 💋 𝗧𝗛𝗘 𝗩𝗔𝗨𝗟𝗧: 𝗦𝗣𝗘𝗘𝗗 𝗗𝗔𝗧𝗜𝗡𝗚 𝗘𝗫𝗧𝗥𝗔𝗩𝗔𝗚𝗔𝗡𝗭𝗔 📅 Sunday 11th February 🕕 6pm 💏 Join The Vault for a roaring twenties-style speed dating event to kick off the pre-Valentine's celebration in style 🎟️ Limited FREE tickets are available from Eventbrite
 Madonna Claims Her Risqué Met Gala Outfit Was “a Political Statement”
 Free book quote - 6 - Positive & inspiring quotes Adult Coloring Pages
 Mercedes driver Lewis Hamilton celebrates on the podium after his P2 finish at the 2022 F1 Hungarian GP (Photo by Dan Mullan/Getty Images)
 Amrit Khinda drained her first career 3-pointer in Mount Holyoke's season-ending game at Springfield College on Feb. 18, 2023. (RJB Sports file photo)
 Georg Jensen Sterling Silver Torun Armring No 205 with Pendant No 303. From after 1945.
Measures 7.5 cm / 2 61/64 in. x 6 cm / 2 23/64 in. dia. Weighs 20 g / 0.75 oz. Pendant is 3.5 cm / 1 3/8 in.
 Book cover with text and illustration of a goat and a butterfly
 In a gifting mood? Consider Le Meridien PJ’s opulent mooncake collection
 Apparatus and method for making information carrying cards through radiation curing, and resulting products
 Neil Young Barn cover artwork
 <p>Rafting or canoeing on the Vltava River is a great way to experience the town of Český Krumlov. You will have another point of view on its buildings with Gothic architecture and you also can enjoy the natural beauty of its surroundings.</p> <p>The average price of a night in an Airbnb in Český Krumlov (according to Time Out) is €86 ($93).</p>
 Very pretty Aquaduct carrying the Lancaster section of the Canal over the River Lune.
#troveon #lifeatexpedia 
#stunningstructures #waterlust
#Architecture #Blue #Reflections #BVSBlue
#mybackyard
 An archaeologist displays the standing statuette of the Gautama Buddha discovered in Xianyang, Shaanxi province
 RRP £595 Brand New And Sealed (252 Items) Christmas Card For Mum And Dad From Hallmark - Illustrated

◆ **Aim of the exercise**:
Send back exactly the lines of the listing above starting at the one with "Apparatus and method" and ending at the one with "Neil Young Barn cover artwork", inclusive, and no others.

◆ **Response to the exercise**:
 Apparatus and method for making information carrying cards through radiation curing, and resulting products
 Neil Young Barn cover artwork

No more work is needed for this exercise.